Но Толстой не забыл главное, из-за чего приехал к нему этот человек.
— А как ваши дела, доктор?
— Ни с места! Сын тоскует по матери… Изболелось и у меня сердце.
— Крепитесь! Будем еще стучаться.
Сам вызвался проводить. Видно, сумятно было на душе у старика. Правительство к тому времени усмотрело в писателе отъявленного революционера. Запрещая розничную продажу пьесы «Власть тьмы», царь написал: «Надо бы положить конец этому безобразию Льва Толстого. Он чисто нигилист и безбожник». Теперь в тиши апартаментов Третьего отделения вынашивалась мысль об изъятии Толстого из общества путем заточения его в монастырь или объявления умалишенным.
Вышли. На Толстом черная блуза, подпоясанная черным же шнурком. Шагал легко, молодо перепрыгивая через ровчики, промытые дождем. Ветер задувал бороду, точно играл ею. В глазах — задумчиво-грустных — светилась вся глубина смятенной души.
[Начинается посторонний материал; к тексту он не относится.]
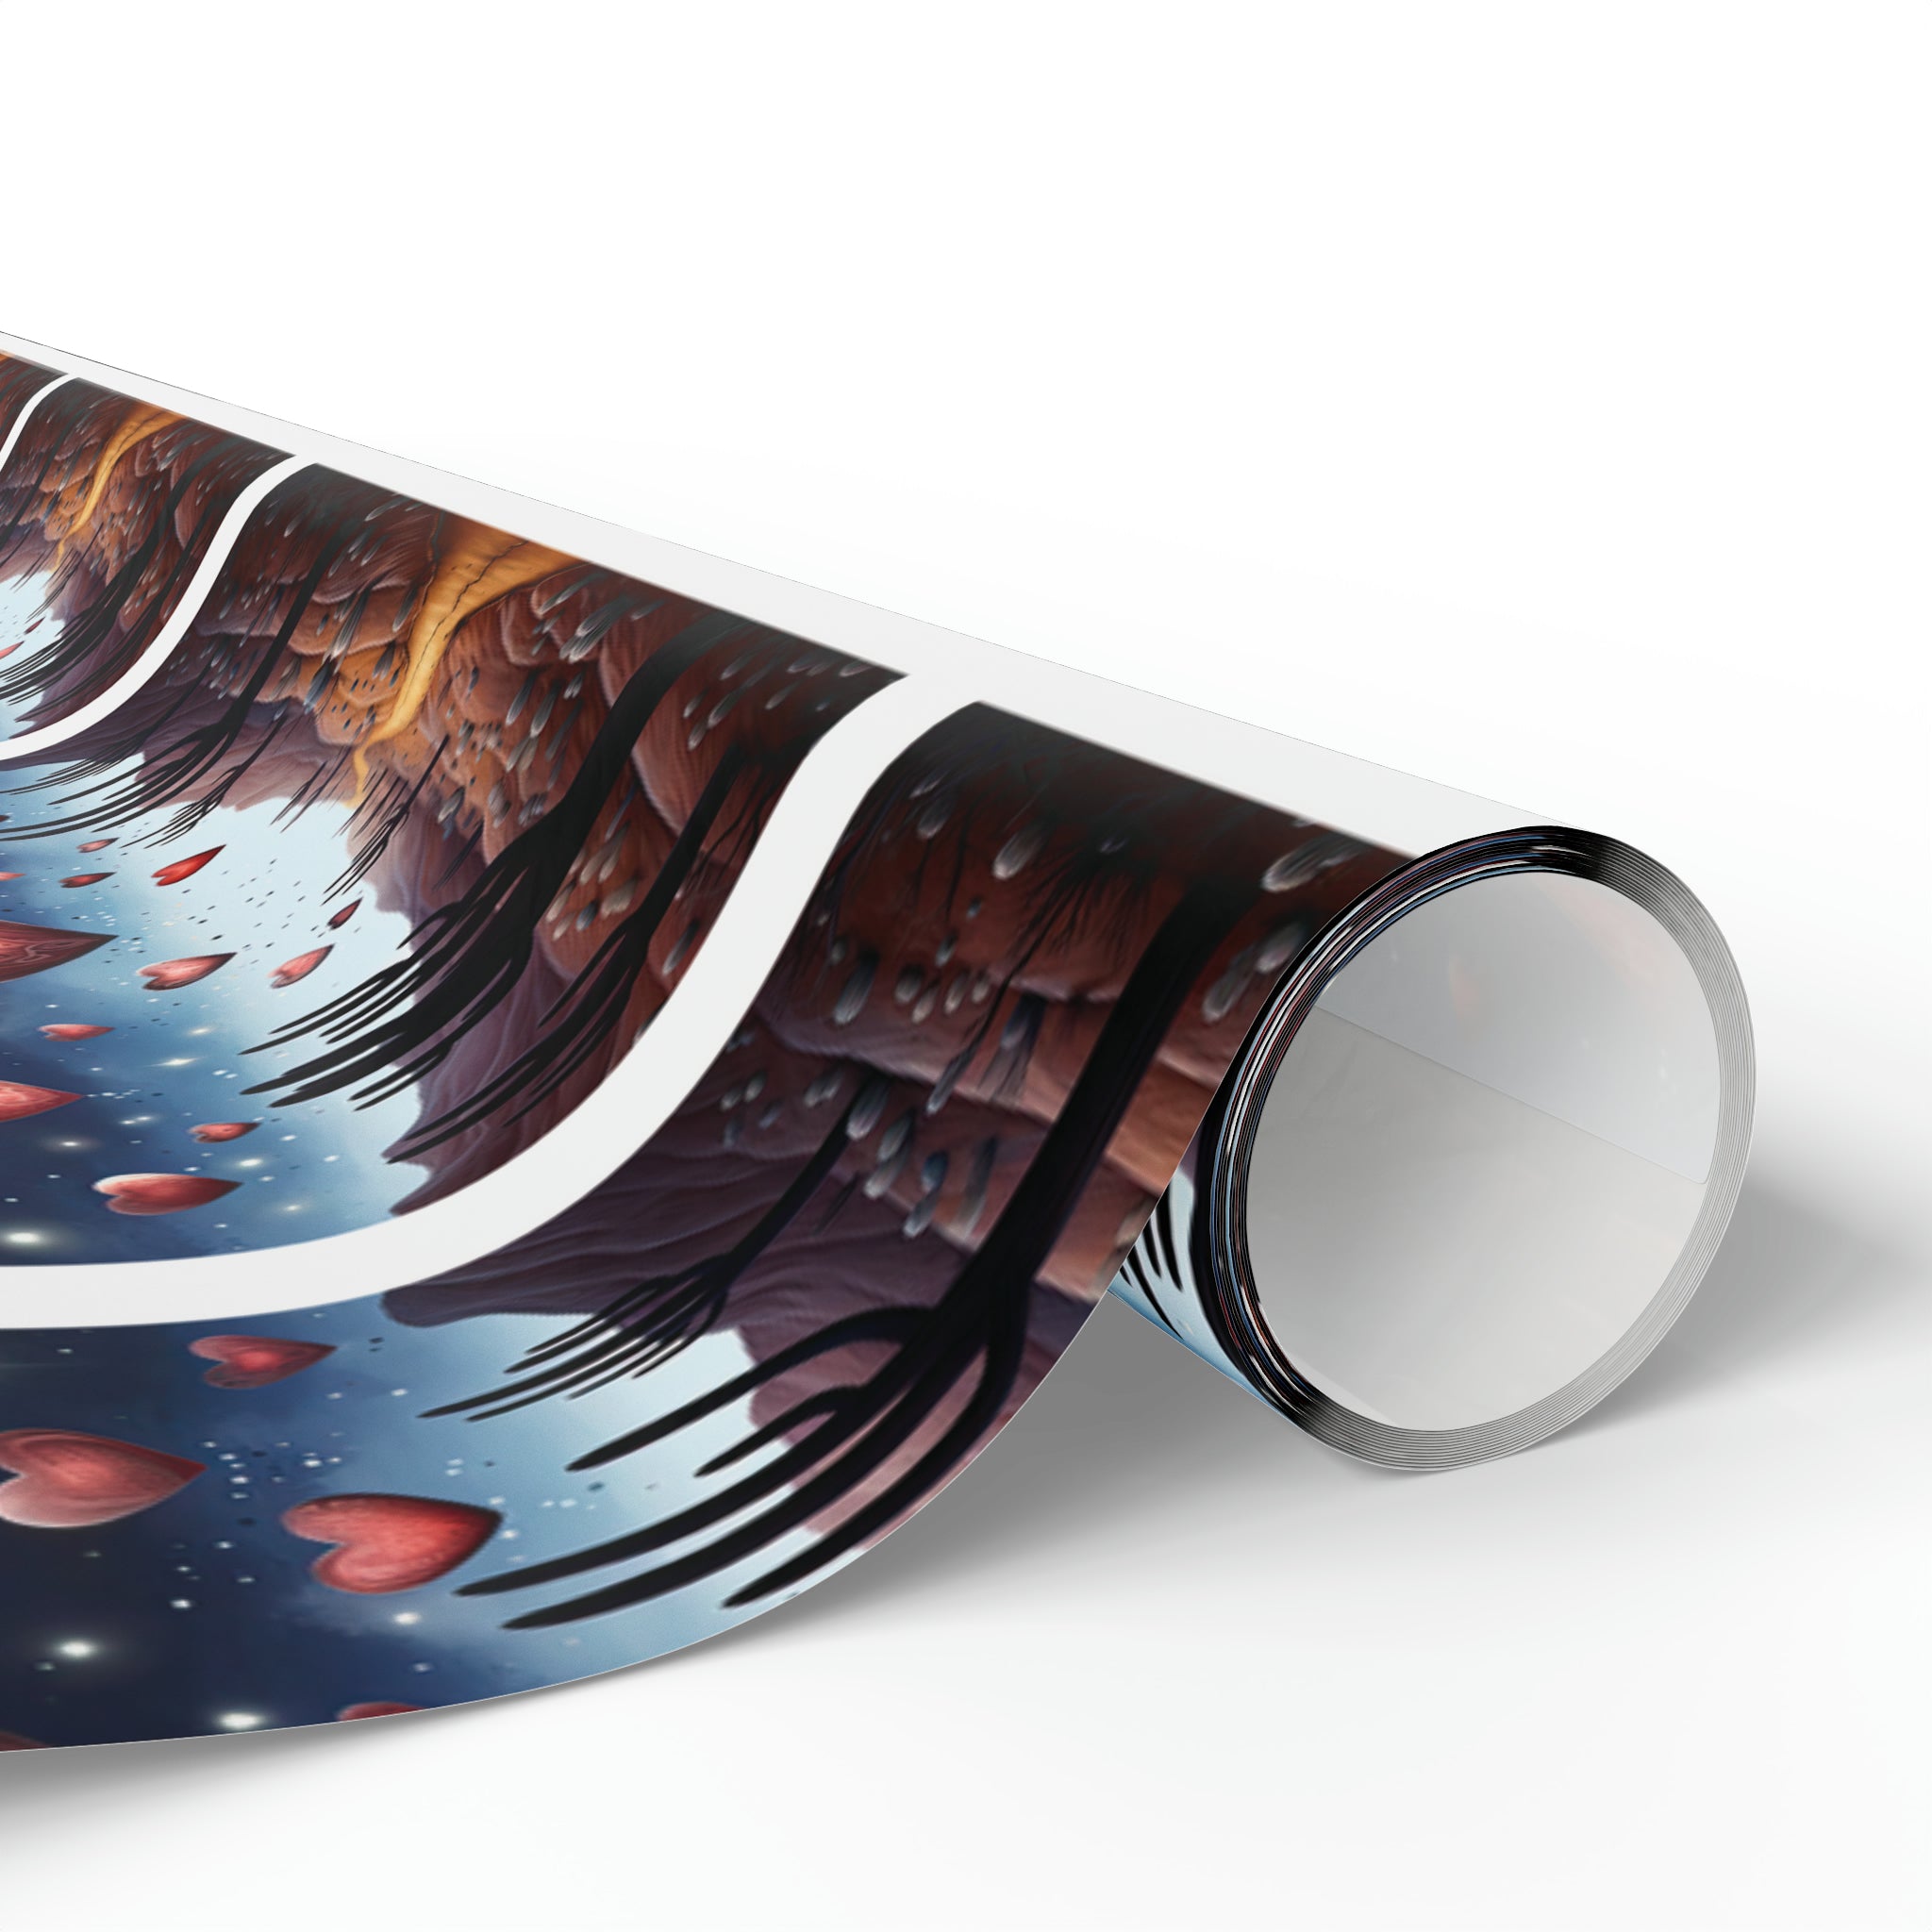 Starry Embrace: Desert Love Wrapping Paper

— Я последнее время часто думаю о вашей жене. И ближе, понятнее становится ее протест… — И, вспомнив собственную боль, доверительно: — Ведь до чего в мерзостях дошли: меня приглашают к московскому губернатору Долгорукому для «должного внушения»! Я отказался явиться. Не могу по своим убеждениям, так как в этих действиях усматриваю вторжение в свой духовный мир!
Долго молчал. Потом вдруг торопливо стал прощаться. Ему подвели лошадь. Придерживаясь за луку, Толстой по-молодецки встал ногой в стремя и легко метнул вверх свое тело. Широкогрудый рысак с места пошел плясовой рысью.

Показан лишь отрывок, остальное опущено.